戦略的CSRによる企業価値向上
~CSVを通じて持続的成長を目指そう~
2013.05.10update
CSR(=企業の社会的責任)という言葉が定着して久しい。欧米では、経済・企業活動のグローバリゼーションの進展に伴い、地球環境問題や資源争奪競争、労働問題などの課題が浮上し、その反省も含め企業行動の在り方について国際機関やNPOを巻き込んで議論が進んだ経緯がある。社会の持続的発展、持続可能性を所与のものとして、その恩恵のみを享受することは認められない時代となりつつある。
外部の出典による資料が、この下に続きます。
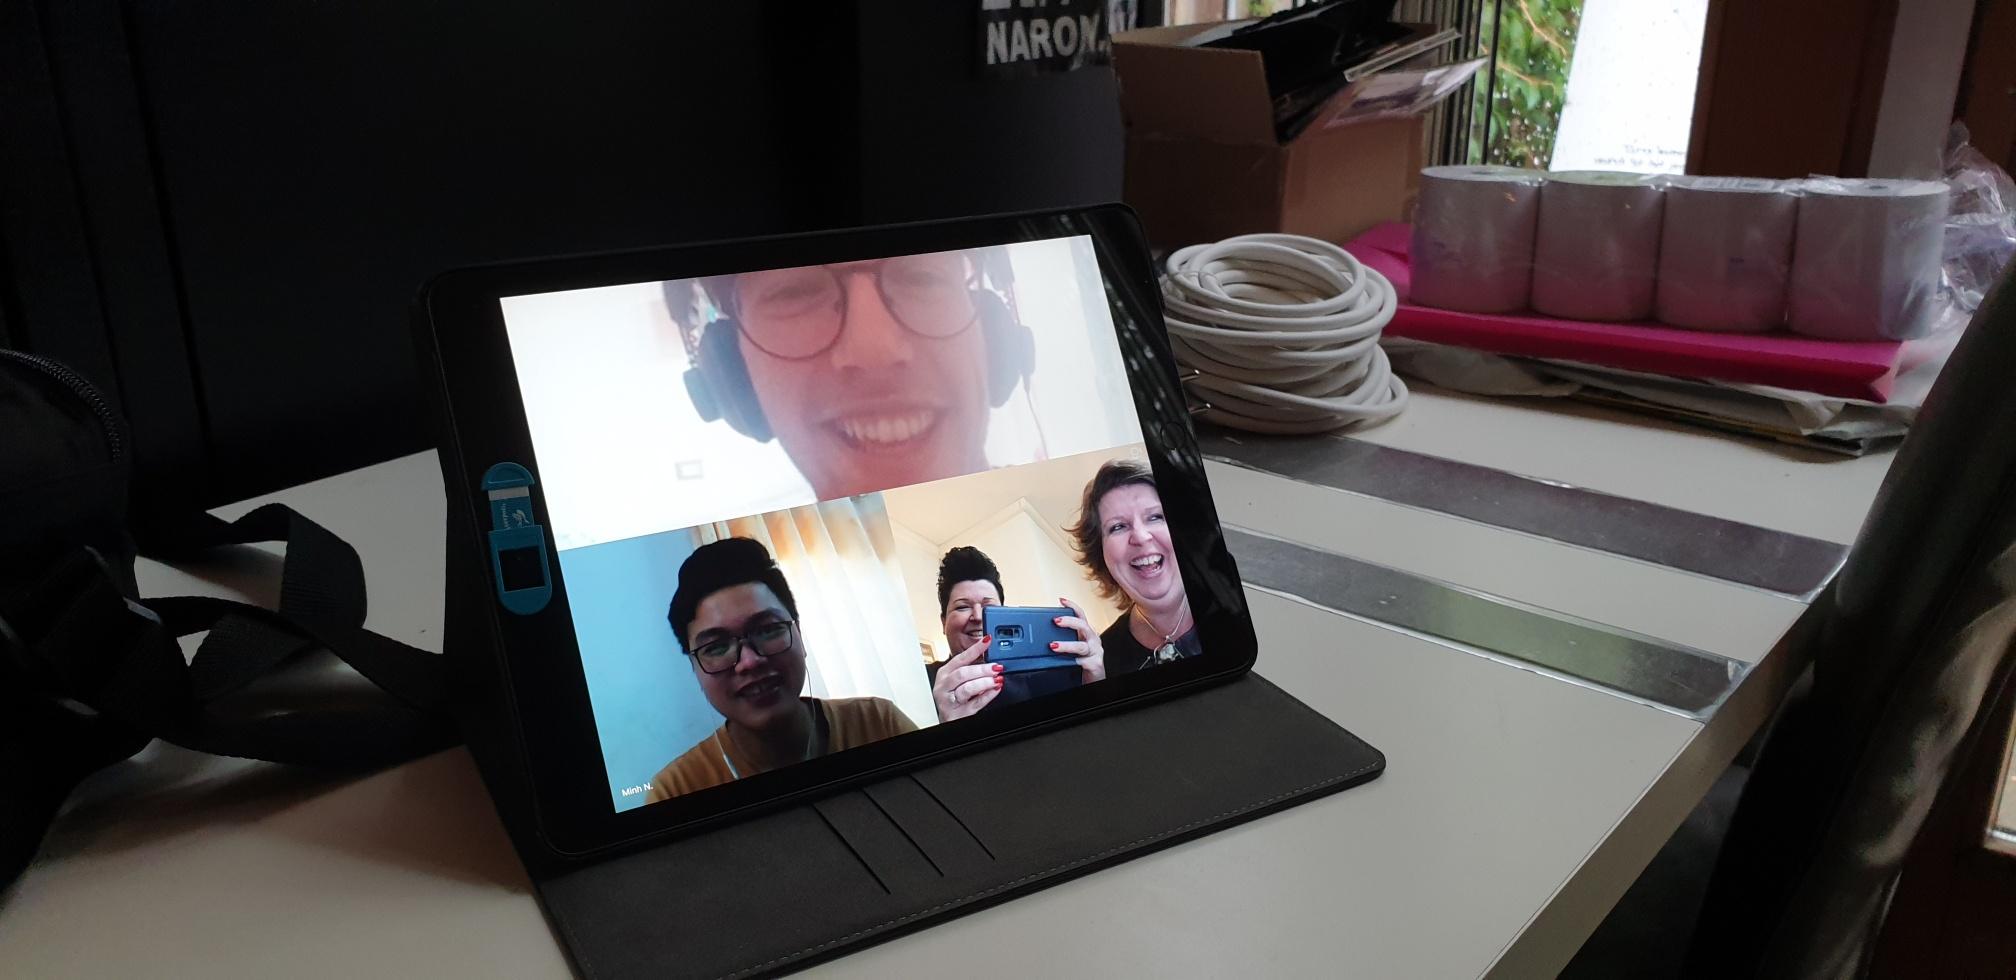 Naron werkt samen met hogeschool leeuwarden videobellen rond de wereld

わが国は国際的な基準作りで世界をリードすることこそできなかったものの、逸早くこうした動きを踏まえて体制を整備し、CSR活動を強化した企業が少なくない。そもそもわが国では、企業は「社会の公器」という意識が強く、設立以来、企業理念として社会貢献を掲げる企業が多い。CSRは「社会的責任」という言葉が示す通り自発的なものであり、社会的使命感や高い倫理観の裏付けなくして継続はできない。わが国の企業は歴史的、DNA的にCSRとの親和性が高いといっても過言ではない。
一方、企業行動基準の国際化やテーマの多様化に対応するうちにCSR活動の間口が広がり、横並び主義に流れている、あるいは個別テーマごとの部分最適に陥って本来の機能を見失いがちであることは否めない。当委員会では、社会の持続的発展への貢献と企業価値の向上に繋がる戦略的CSRについて提言する。